Dataset extract START
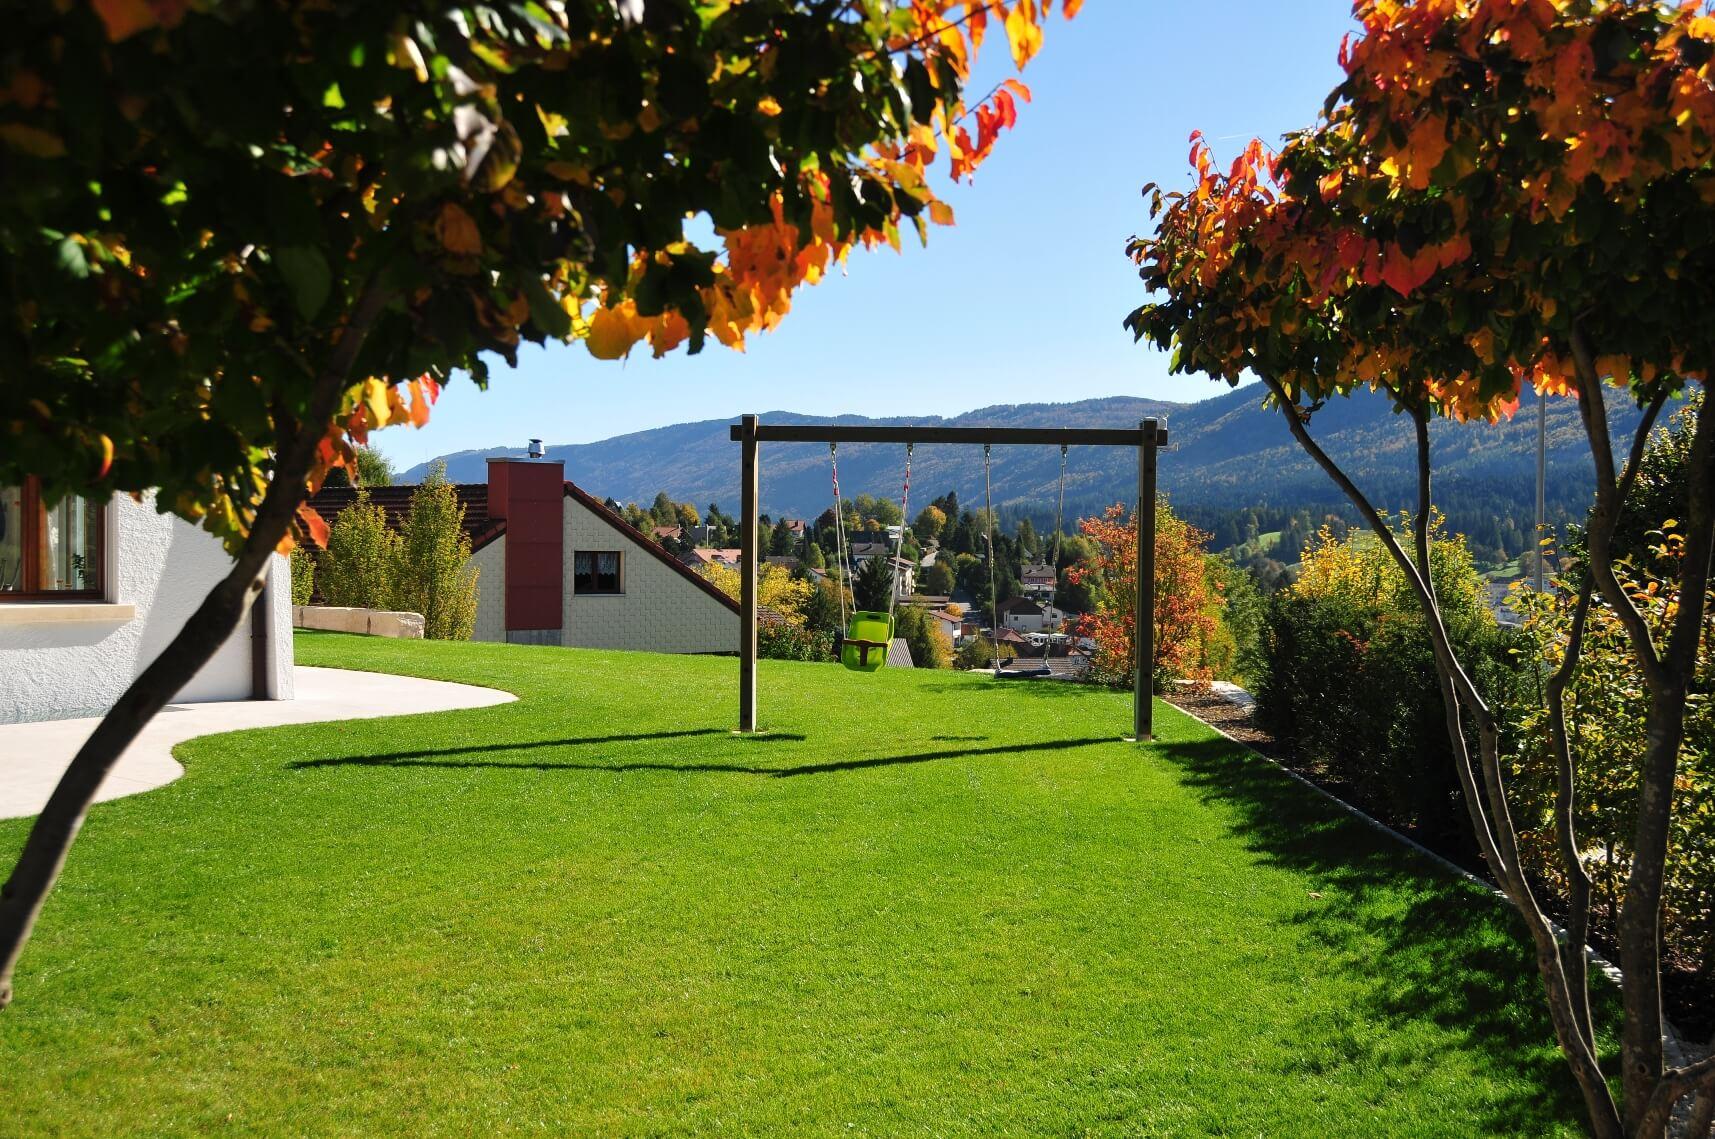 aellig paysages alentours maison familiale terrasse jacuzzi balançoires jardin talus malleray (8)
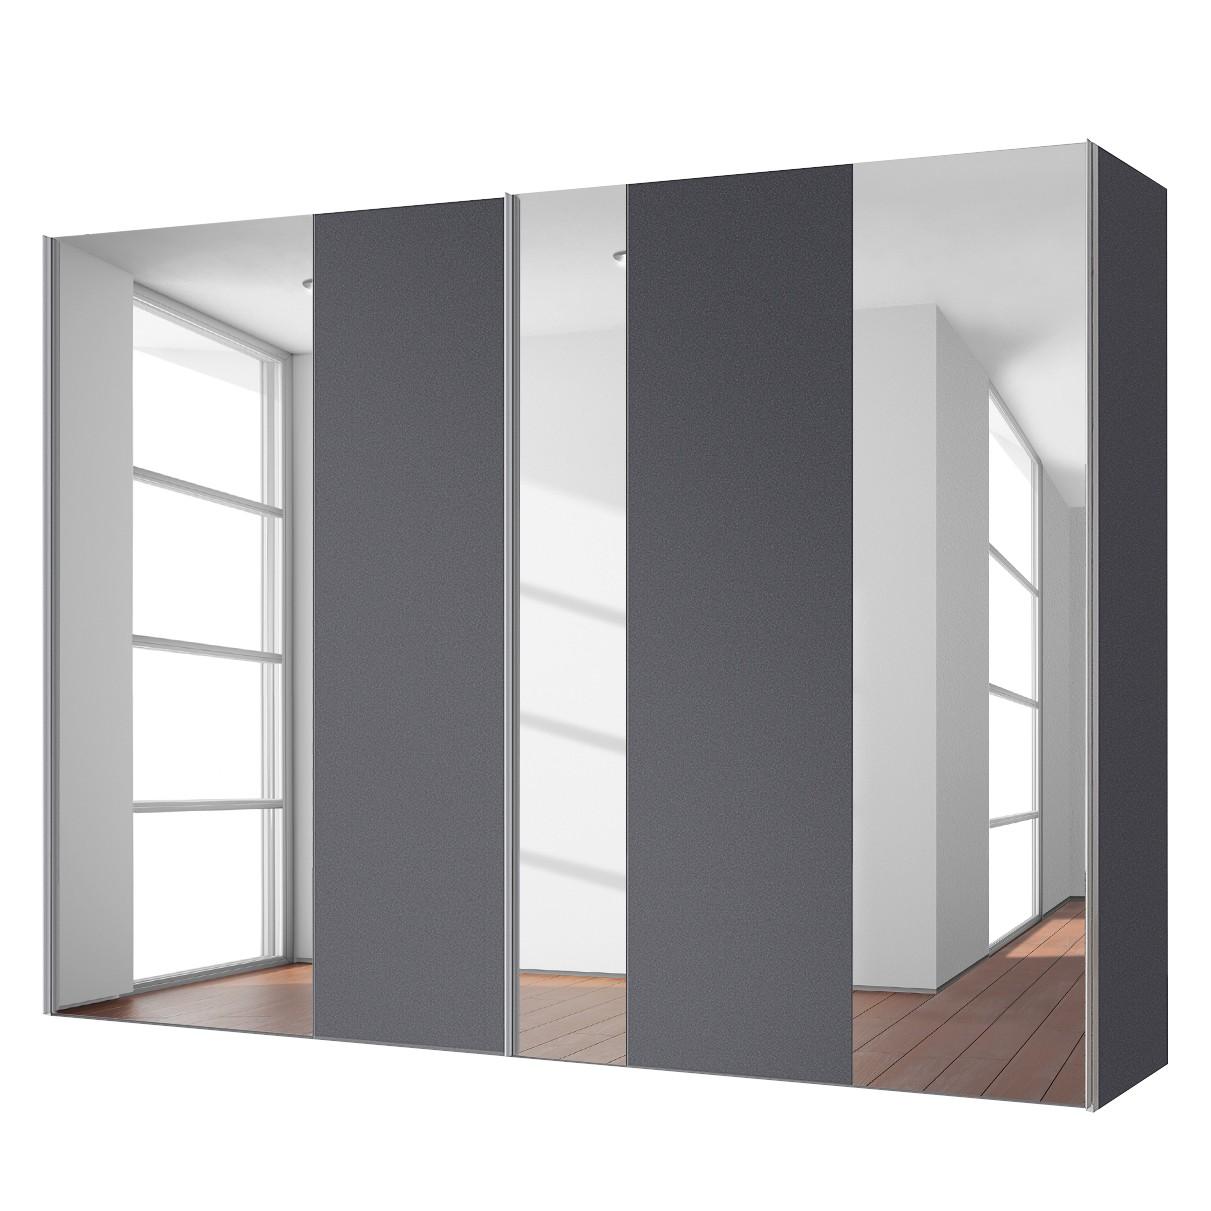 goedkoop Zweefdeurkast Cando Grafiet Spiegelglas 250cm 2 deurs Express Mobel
Dataset extract END
Dataset extract START
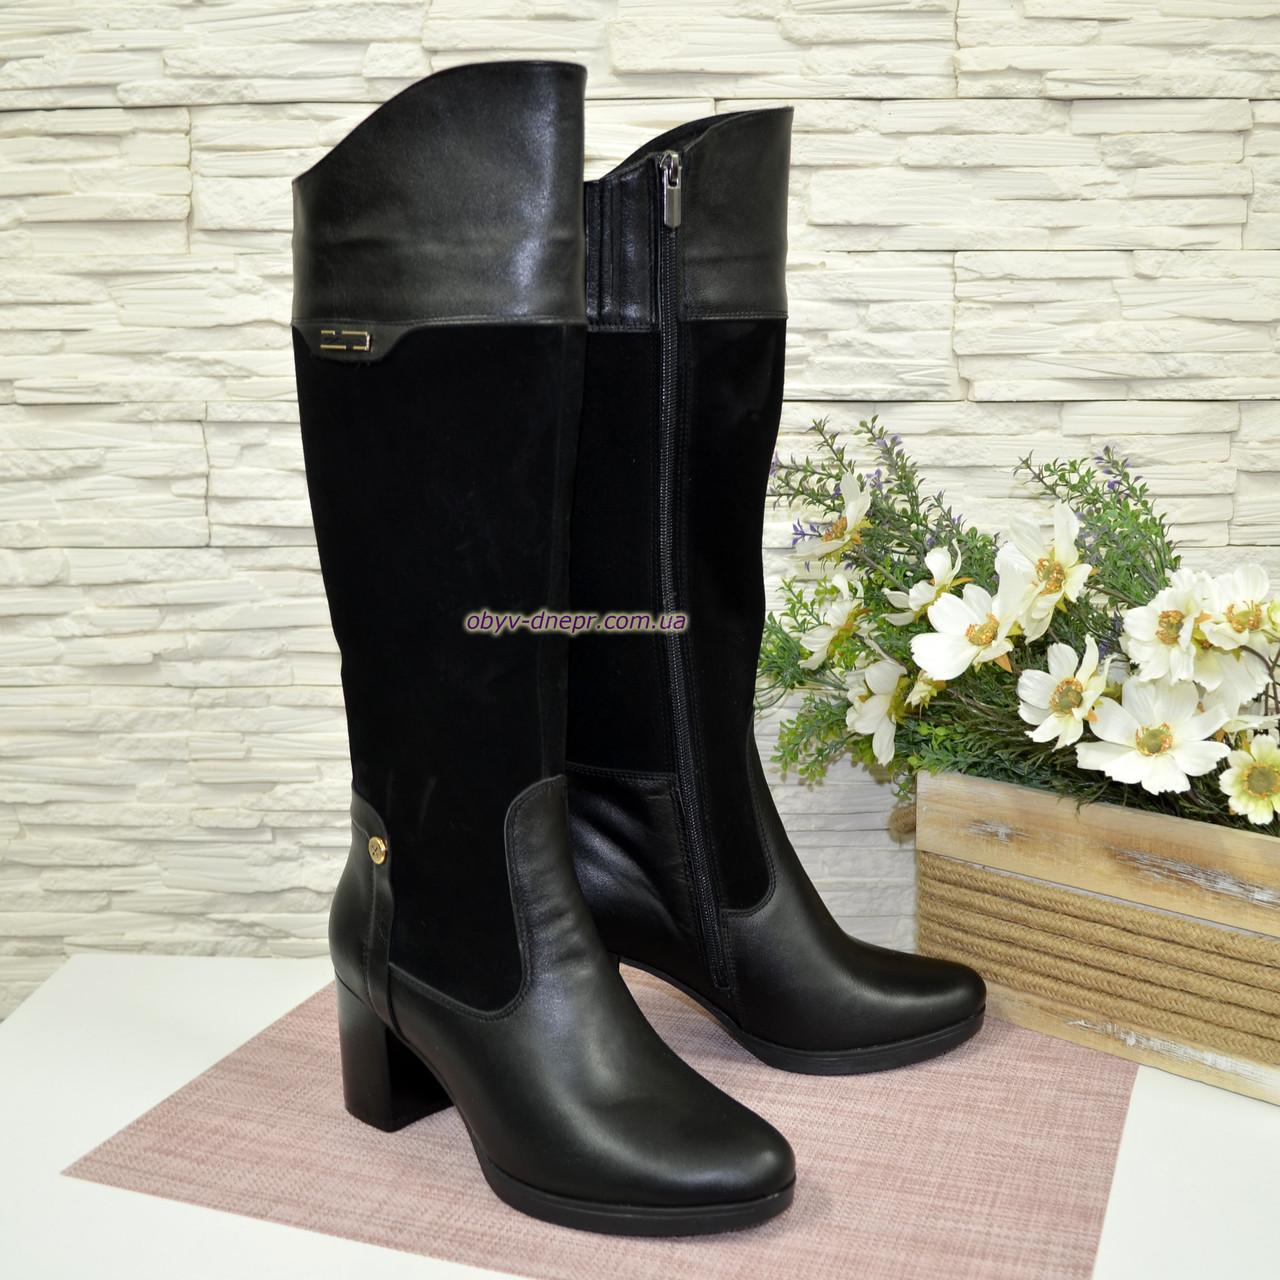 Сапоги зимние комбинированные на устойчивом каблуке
Dataset extract END
Dataset extract START
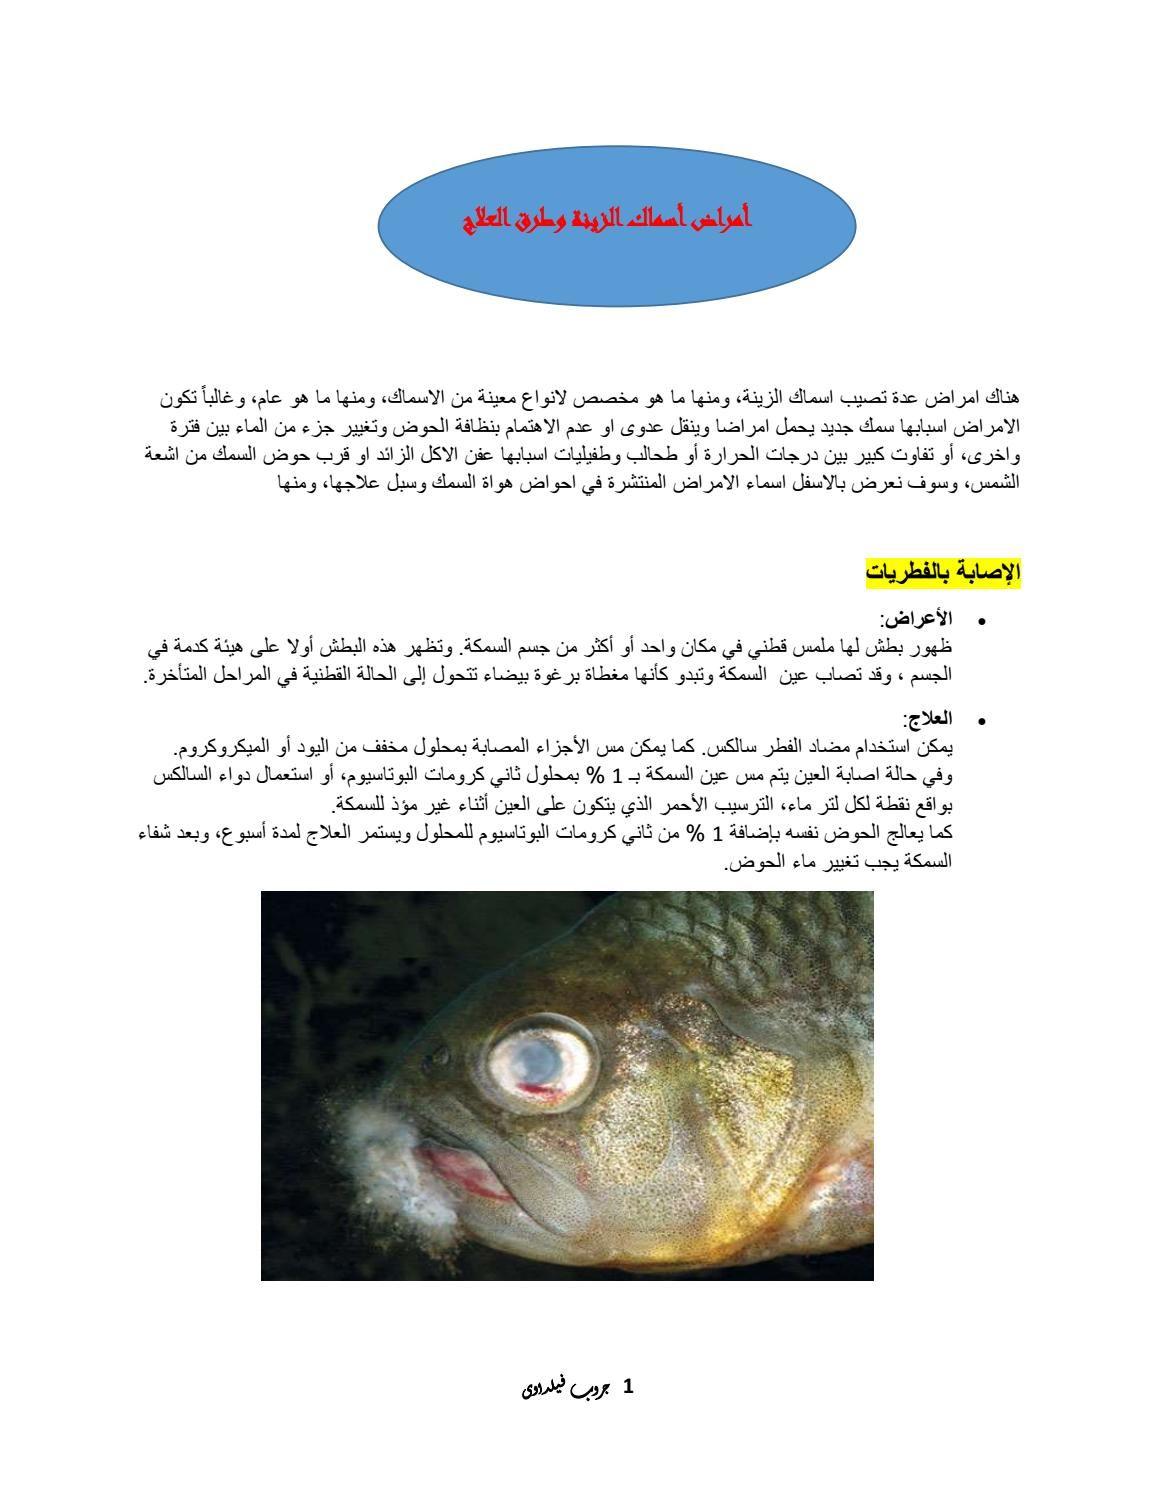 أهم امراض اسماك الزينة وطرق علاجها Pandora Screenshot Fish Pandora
Dataset extract END
*What is needed:* All that should be printed is the run of lines above from the one with "aellig paysages alentours" through the one with "goedkoop Zweefdeurkast Cando", both included, exactly as given, with pictures left out.

*Your solution:*
 aellig paysages alentours maison familiale terrasse jacuzzi balançoires jardin talus malleray (8)
 goedkoop Zweefdeurkast Cando Grafiet Spiegelglas 250cm 2 deurs Express Mobel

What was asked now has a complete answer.